=== Begin Enclosure ===
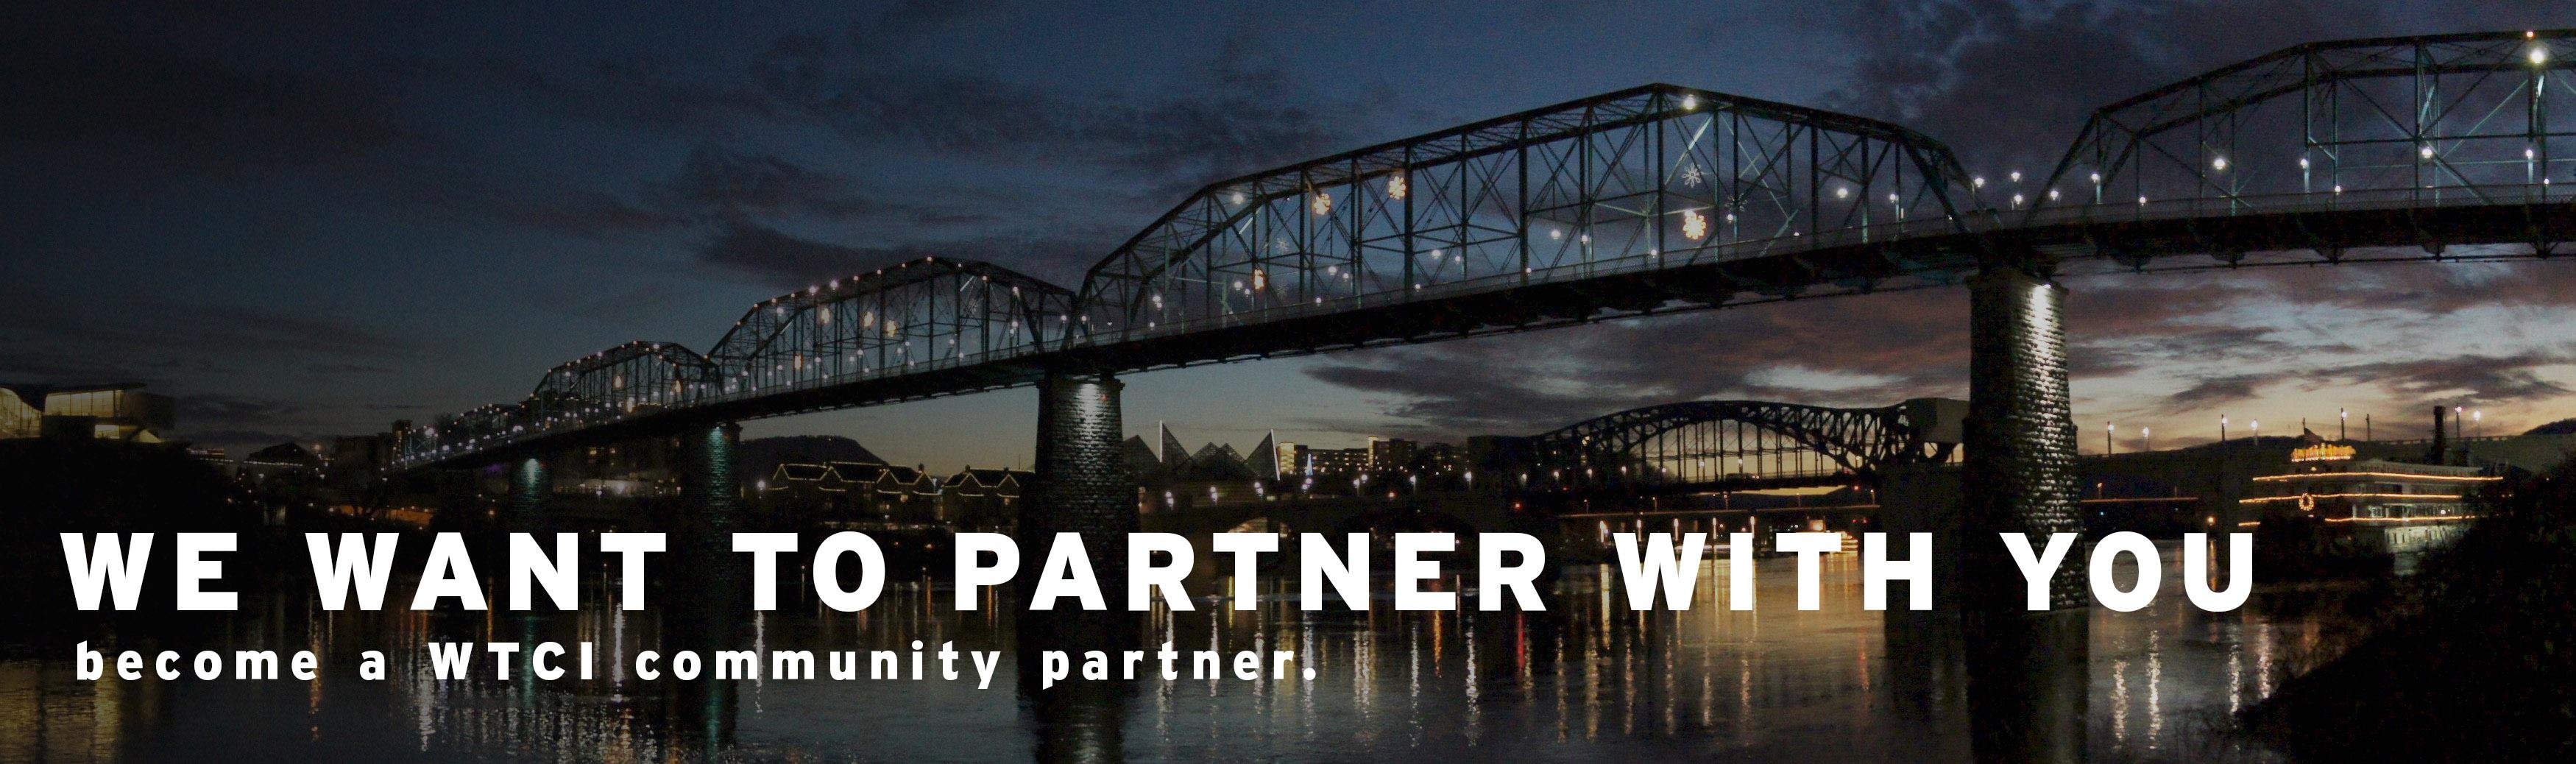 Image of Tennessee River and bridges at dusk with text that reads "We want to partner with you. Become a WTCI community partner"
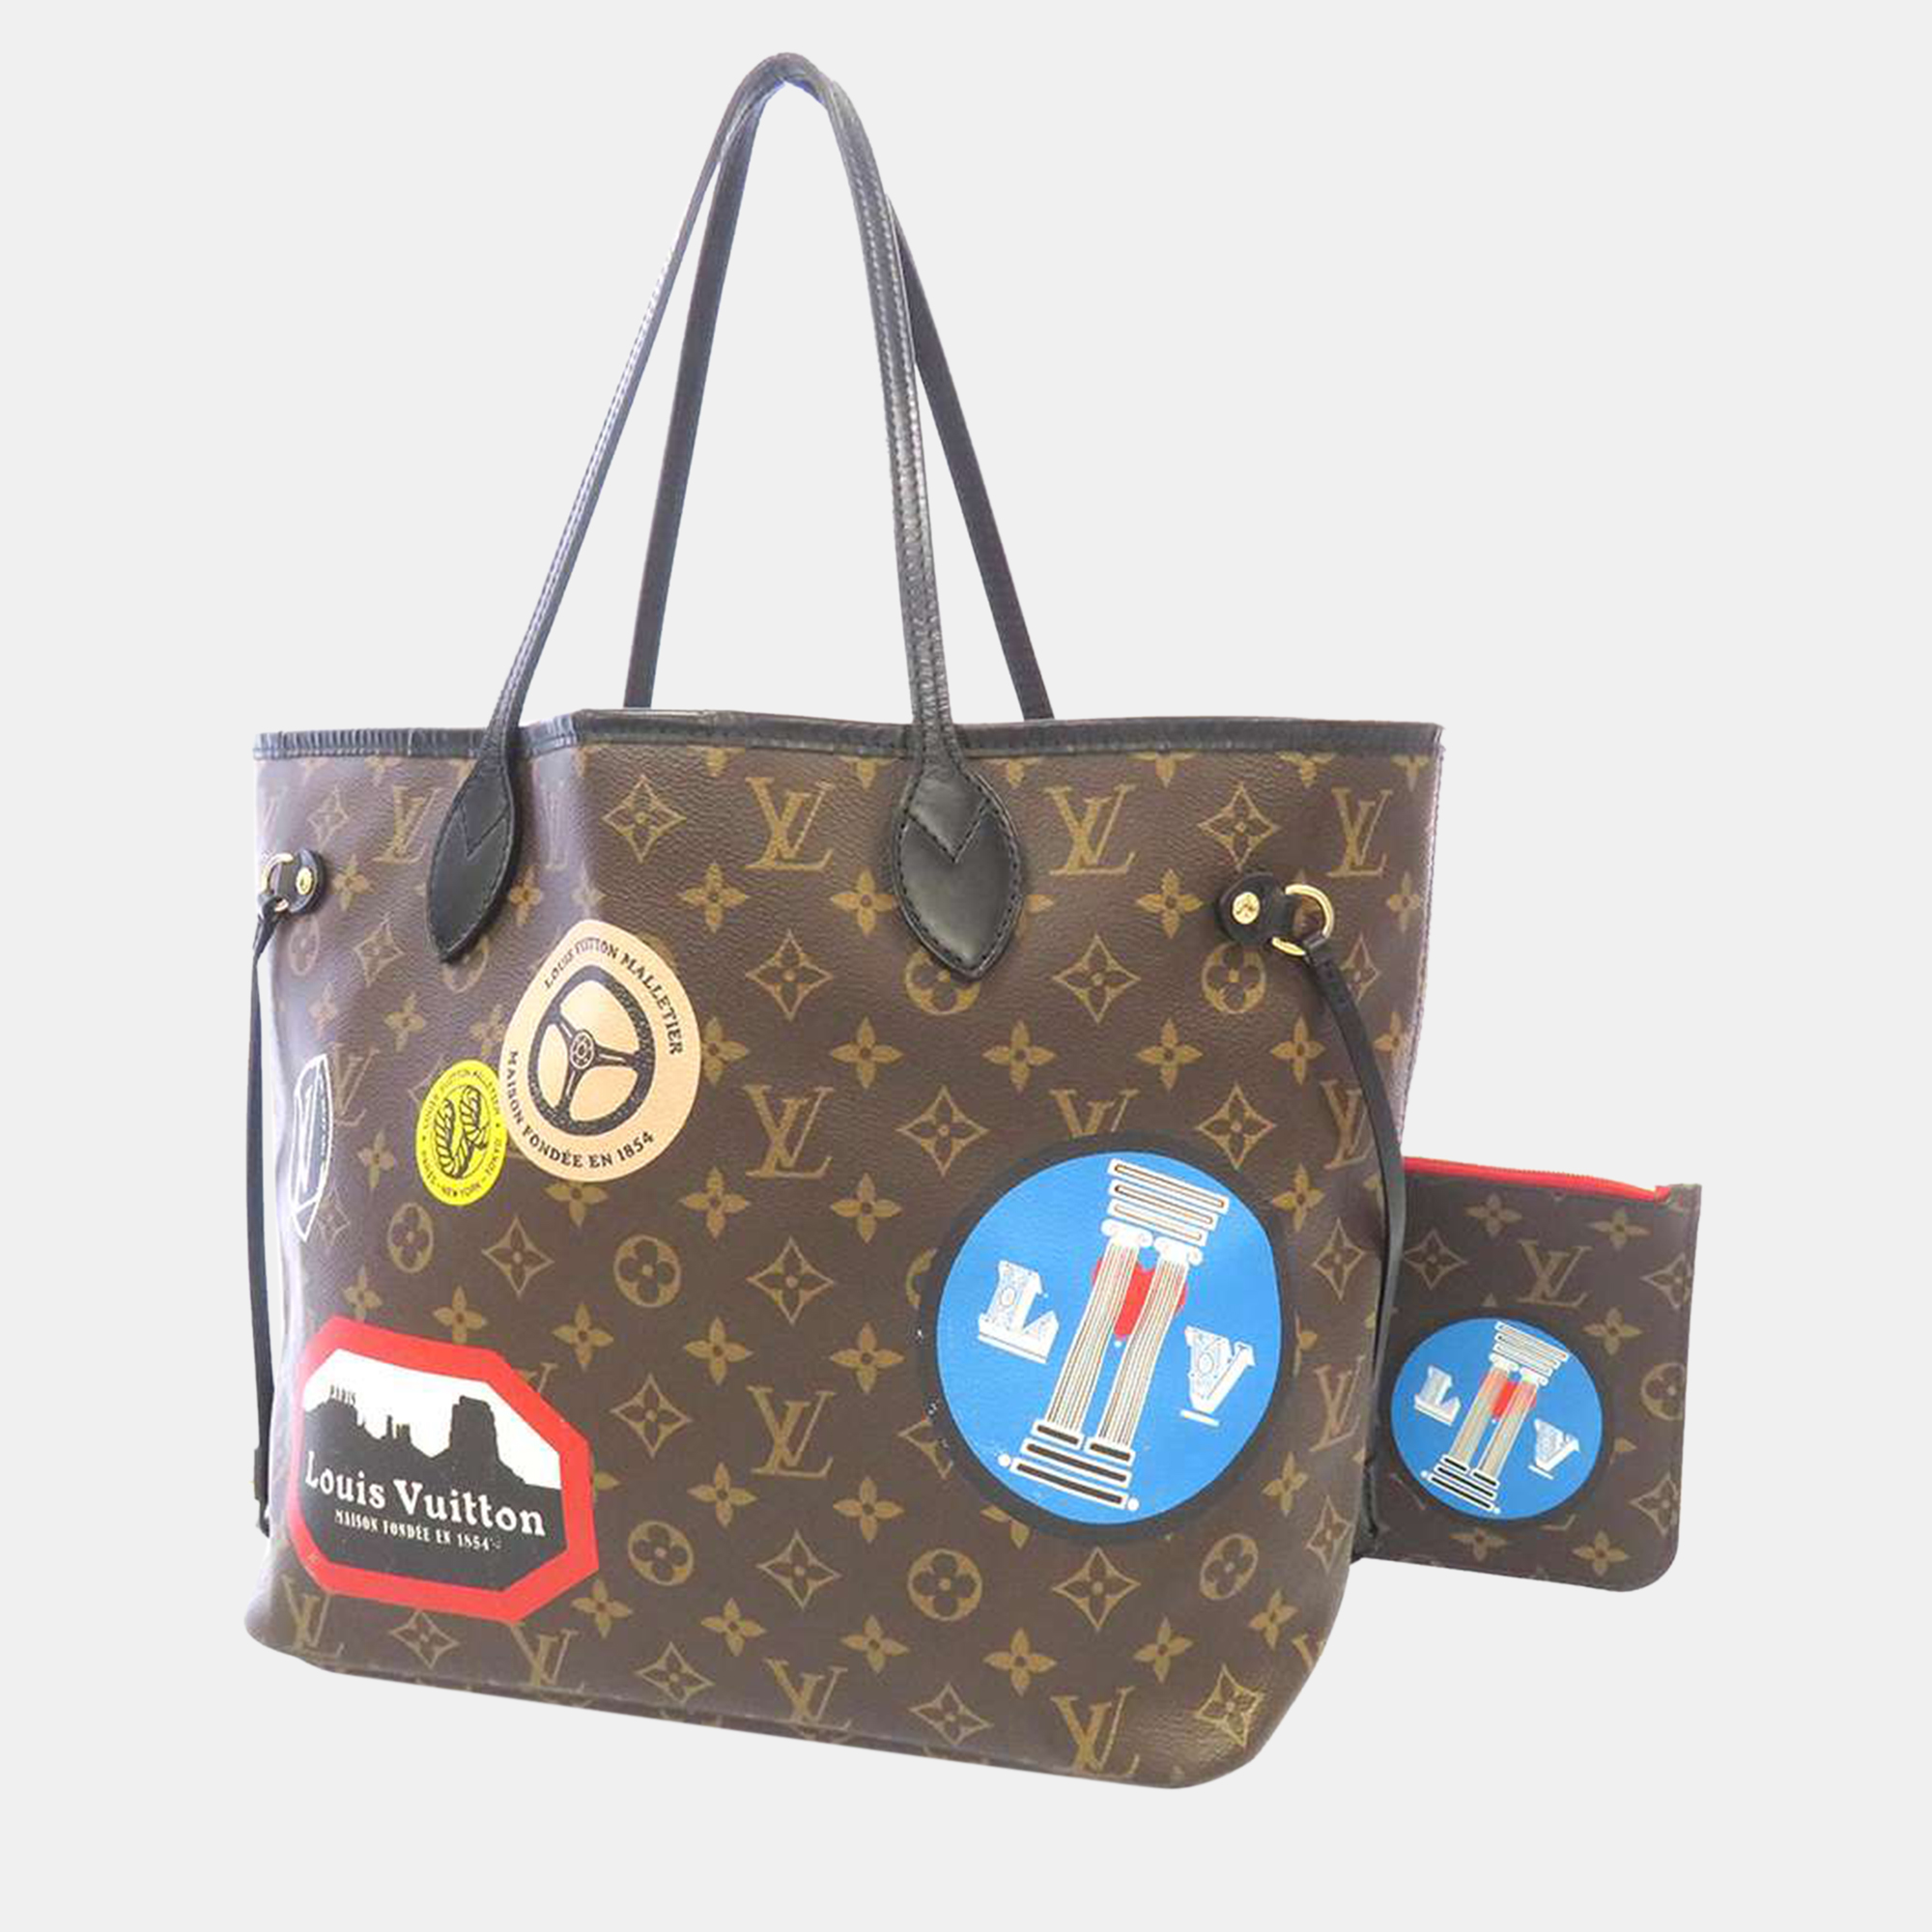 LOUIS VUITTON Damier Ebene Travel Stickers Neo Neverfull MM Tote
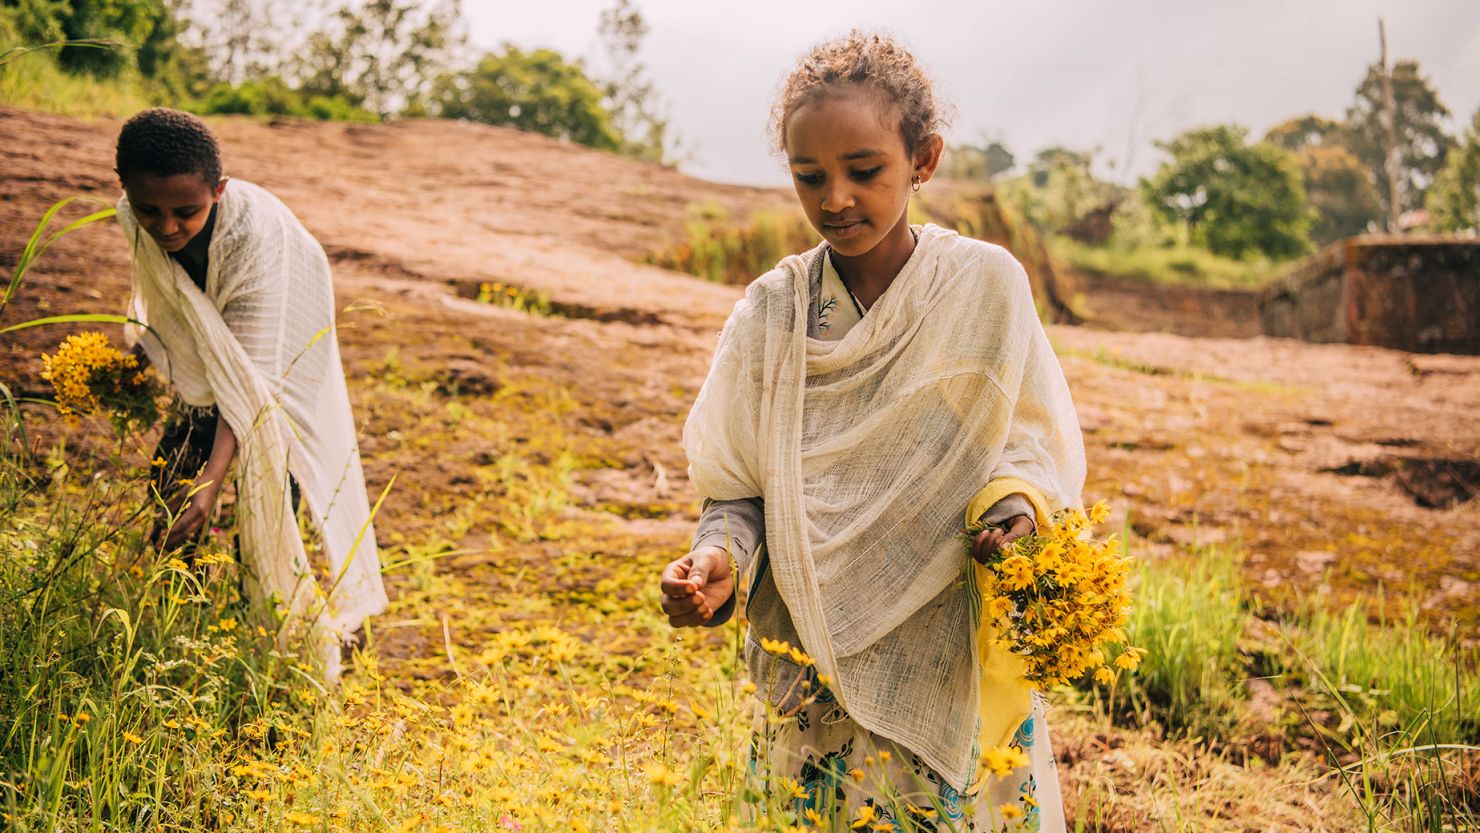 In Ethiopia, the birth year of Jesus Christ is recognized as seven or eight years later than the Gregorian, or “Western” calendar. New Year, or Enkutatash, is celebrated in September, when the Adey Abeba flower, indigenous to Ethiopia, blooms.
=== End Enclosure ===
[TASK STATEMENT] Transcribe all of the lines above exactly as given. The pictures stay out.

[RESPONSE TO THE TASK]
 Image of Tennessee River and bridges at dusk with text that reads "We want to partner with you. Become a WTCI community partner"
 LOUIS VUITTON Damier Ebene Travel Stickers Neo Neverfull MM Tote
 In Ethiopia, the birth year of Jesus Christ is recognized as seven or eight years later than the Gregorian, or “Western” calendar. New Year, or Enkutatash, is celebrated in September, when the Adey Abeba flower, indigenous to Ethiopia, blooms.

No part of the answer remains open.